Work instructions >> All that is wanted is the exact text of the lines below from the one with "Mad Catz F.R.E.Q.5" through the one with "Рюкзаки для бега", inclusive, minus any pictures.

Data provided >>
--- --- ---
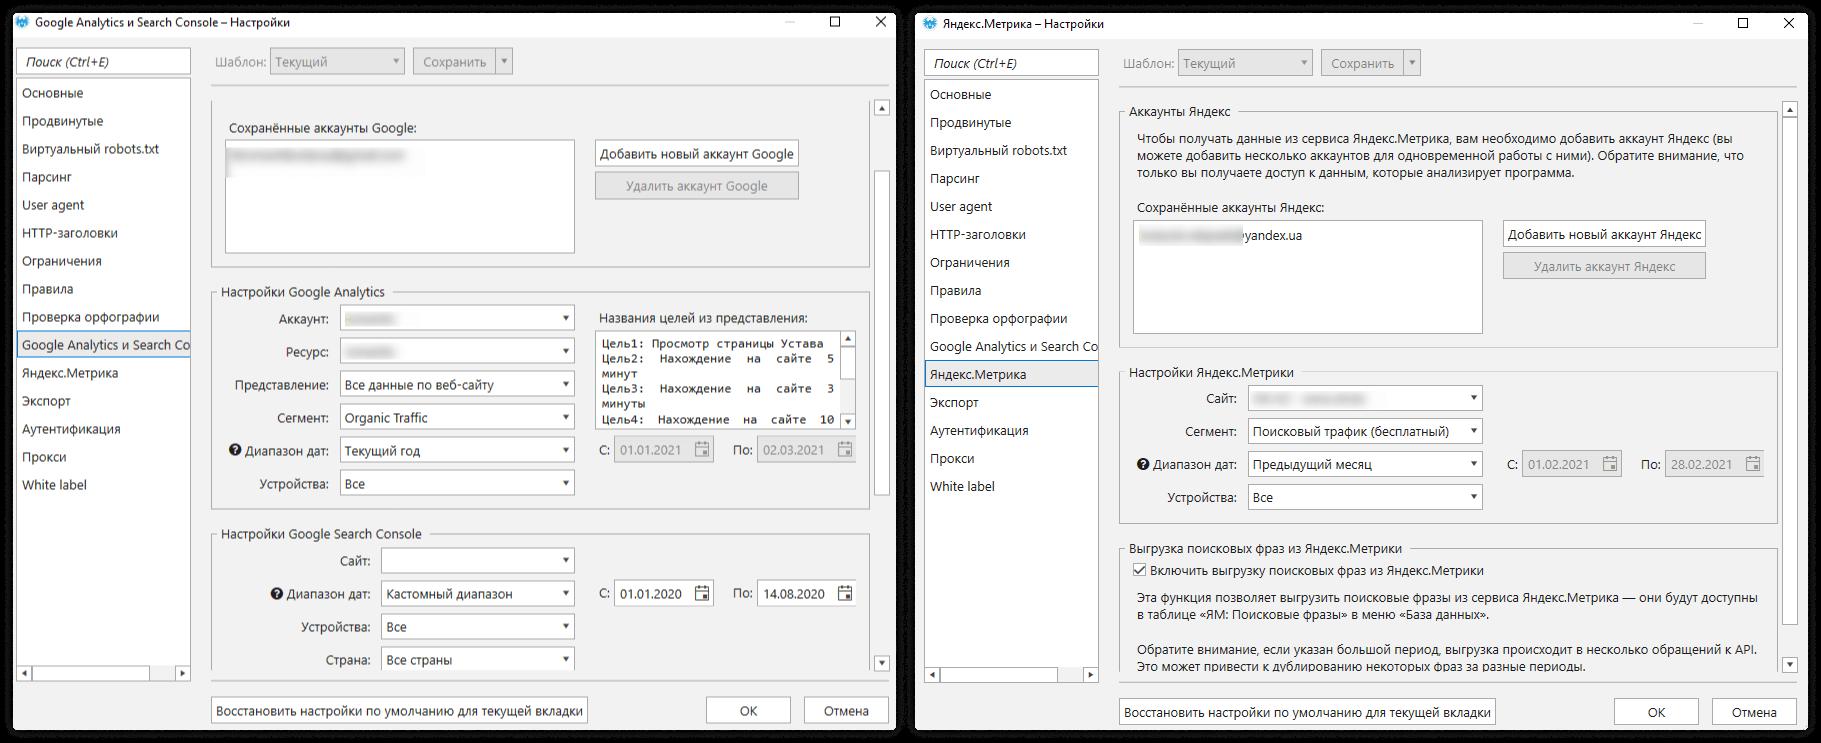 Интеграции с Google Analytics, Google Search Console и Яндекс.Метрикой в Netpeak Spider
--- --- ---
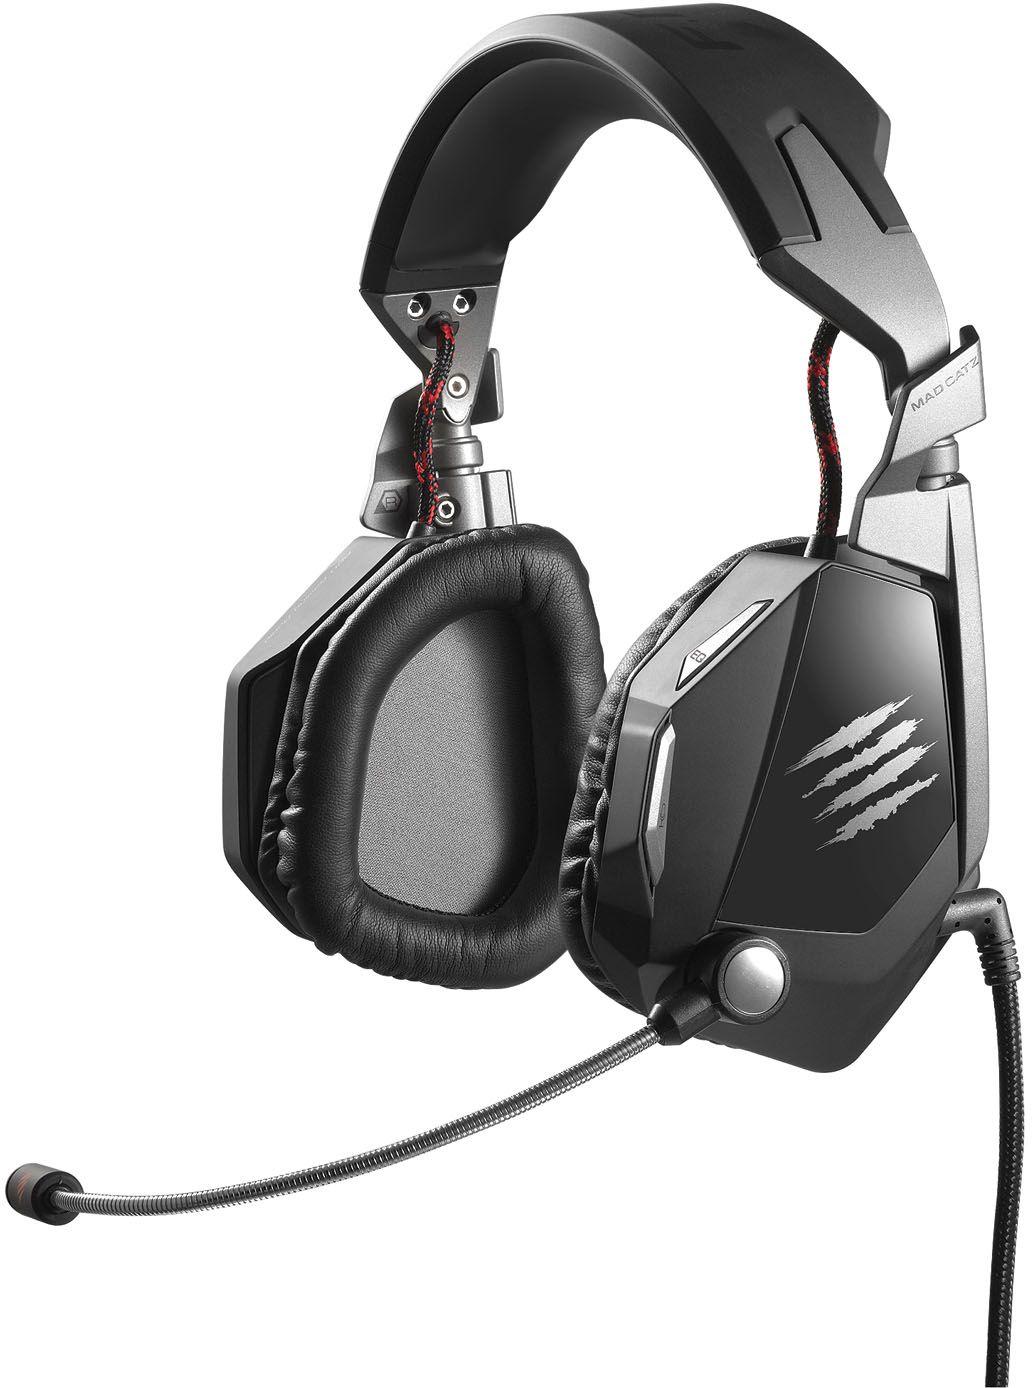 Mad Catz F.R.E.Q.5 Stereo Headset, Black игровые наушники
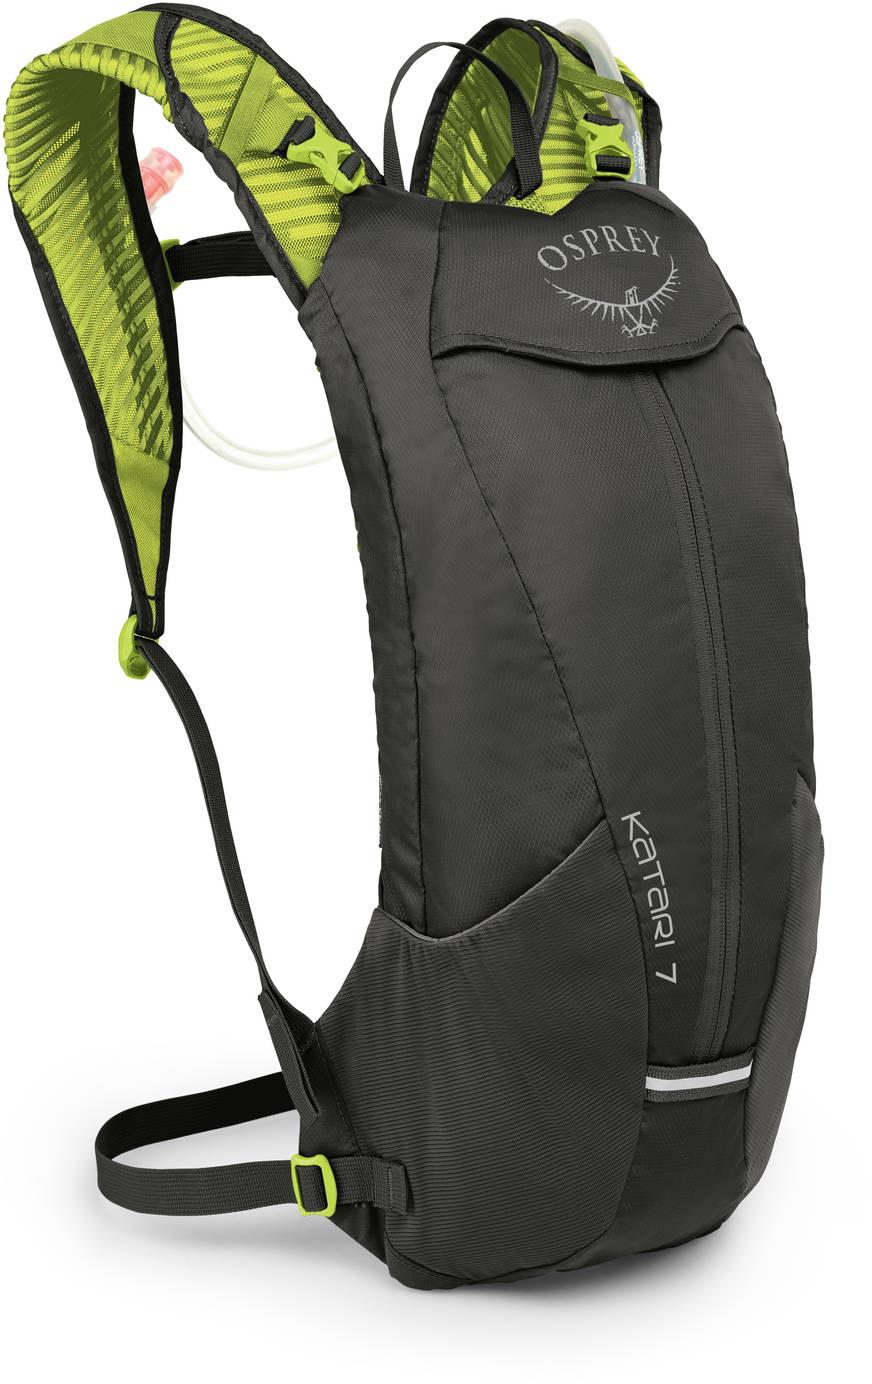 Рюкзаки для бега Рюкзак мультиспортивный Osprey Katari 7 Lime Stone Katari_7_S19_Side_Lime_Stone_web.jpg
--- --- ---
Result for this exercise >>
 Mad Catz F.R.E.Q.5 Stereo Headset, Black игровые наушники
 Рюкзаки для бега Рюкзак мультиспортивный Osprey Katari 7 Lime Stone Katari_7_S19_Side_Lime_Stone_web.jpg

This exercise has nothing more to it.